Summary. The paper argues that the AI value alignment problem is better understood as a structural governance issue rather than a purely technical or normative one. Drawing on the principal-agent framework from economics, it decomposes misalignment into three interacting axes—objectives, information, and principals—and claims that this framework shows alignment to be inherently pluralistic, context-dependent, and requiring ongoing institutional processes to manage trade-offs among competing values, rather than being solvable through technical design alone.

Significance. If the central inference holds, the paper offers a useful conceptual reframing that could help diagnose real-world misalignment cases and shift alignment research toward pluralistic and institutional considerations. However, the significance is constrained by the absence of detailed derivations, formal mappings, or empirical cases demonstrating why the decomposition entails that technical methods are insufficient.

major comments (1)

[Abstract / Core contribution paragraph] Abstract and core argument section: The claim that the three-axis decomposition 'implies that alignment is fundamentally a problem of governance rather than engineering alone' is load-bearing for the paper's contribution but is asserted without an explicit argument showing why standard technical approaches (such as scalable oversight for information asymmetry, preference learning for objectives, or multi-objective optimization for principals) cannot in principle operate on each axis. Without demonstrating that these methods are insufficient or themselves require non-technical governance, the inference from decomposition to 'governance rather than engineering' does not follow.

minor comments (1)

The manuscript would benefit from at least one concrete real-world case study mapping the three axes to an existing AI deployment to illustrate the framework's diagnostic value.

Simulated Author's Rebuttal

1 responses · 0 unresolved

We thank the referee for the constructive review and for acknowledging the potential value of the three-axis framework in reframing AI alignment.
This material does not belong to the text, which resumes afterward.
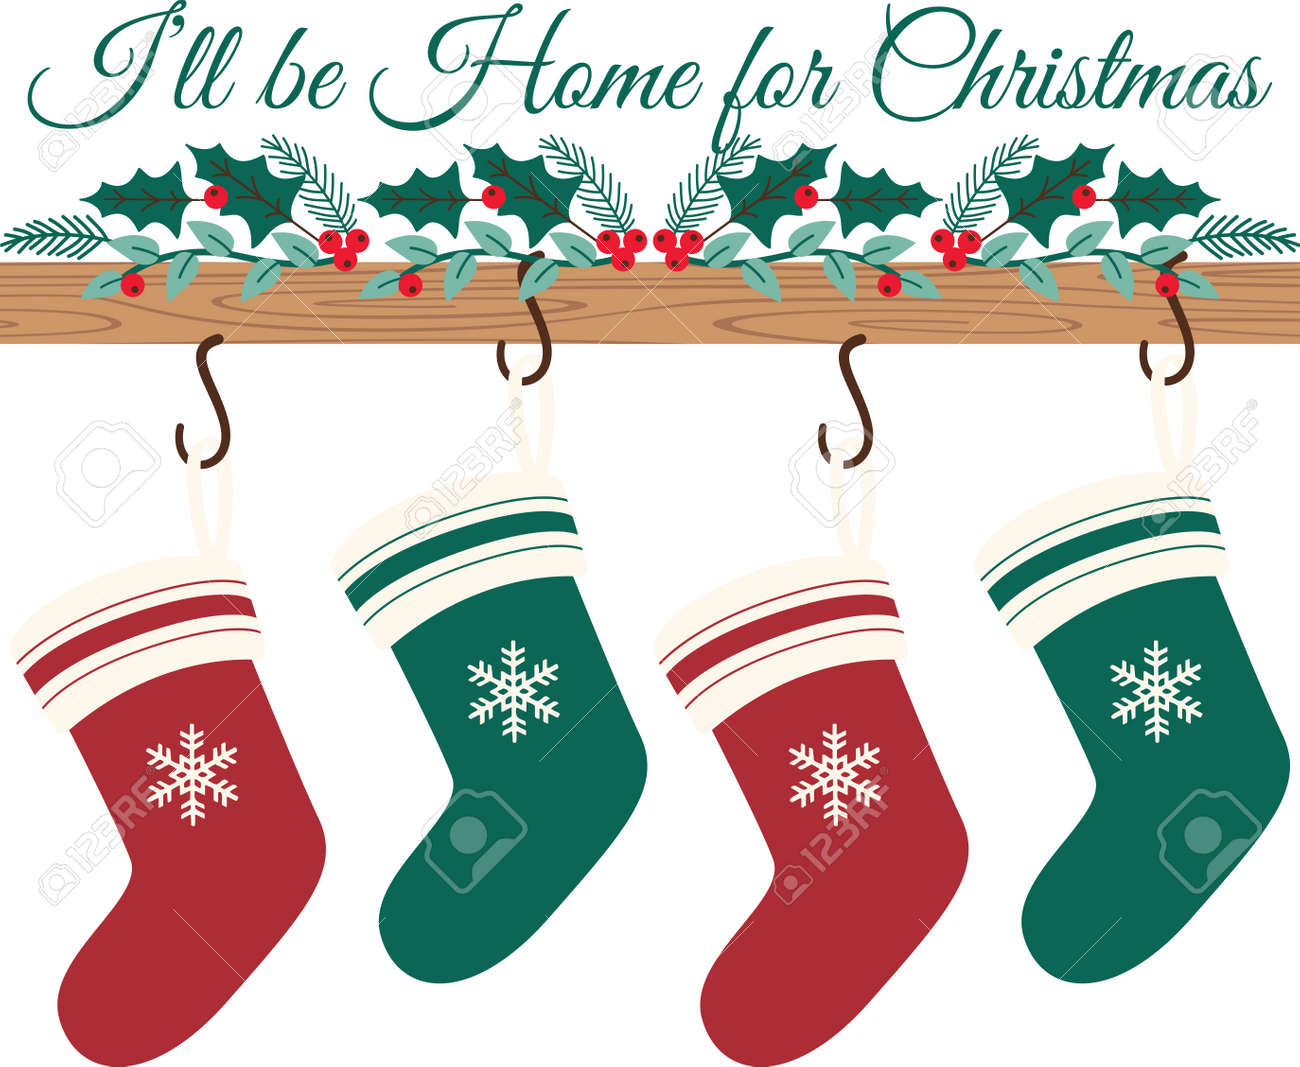 Christmas Stockings Last Forever, Making Their Presence Felt ...

We agree that the core inference requires more explicit support and will revise accordingly.

read point-by-point responses

Referee: The claim that the three-axis decomposition 'implies that alignment is fundamentally a problem of governance rather than engineering alone' is load-bearing for the paper's contribution but is asserted without an explicit argument showing why standard technical approaches (such as scalable oversight for information asymmetry, preference learning for objectives, or multi-objective optimization for principals) cannot in principle operate on each axis. Without demonstrating that these methods are insufficient or themselves require non-technical governance, the inference from decomposition to 'governance rather than engineering' does not follow.

Authors: We accept this point. The manuscript currently derives the governance conclusion from the observation that each axis introduces pluralism and context-dependence, such that misalignment affects stakeholders differently and requires trade-offs that technical design alone cannot legitimately resolve. To make the inference explicit, we will add a new subsection following the three-axis presentation. It will map each cited technical method onto the axes and show why governance remains necessary: scalable oversight can reduce information asymmetry but presupposes an agreed principal (or set of principals) authorized to oversee, which the principals axis shows must be determined institutionally; preference learning can address objective misalignment but requires prior governance choices about whose preferences are elicited and how conflicts among plural principals are aggregated; multi-objective optimization can handle multiple principals but still depends on institutional processes to set the objectives, weights, and evaluation criteria in a context-specific and contestable manner. The revision will argue that these methods therefore operate within, rather than replace, governance structures. Brief illustrations from current AI deployments (e.g., content moderation systems) will be included to ground the argument. revision: yes

Circularity Check

0 steps flagged

No circularity; conceptual argument relies on external economic framework

full rationale

The paper introduces a three-axis decomposition (objectives, information, principals) drawn from the standard principal-agent model in economics, then interprets this as showing alignment is inherently a governance issue. This is an interpretive reframing rather than a derivation that reduces to its own inputs by construction. No equations, fitted parameters, self-citations of uniqueness theorems, or ansatzes are present in the abstract or described structure. The central claim does not rename a known result or smuggle in prior self-work as external fact; it applies an independent external lens to diagnose misalignment sources. The implication to 'governance rather than engineering alone' is a perspective shift, not a tautological prediction or self-referential loop.

Axiom & Free-Parameter Ledger

0 free parameters · 1 axioms · 0 invented entities

The paper relies on the principal-agent framework as a background model without deriving its applicability to AI from first principles or providing independent evidence for the three-axis structure.

axioms (1)

domain assumption The principal-agent framework from economics applies directly to AI value alignment scenarios.
Invoked to reconceptualize misalignment along objectives, information, and principals.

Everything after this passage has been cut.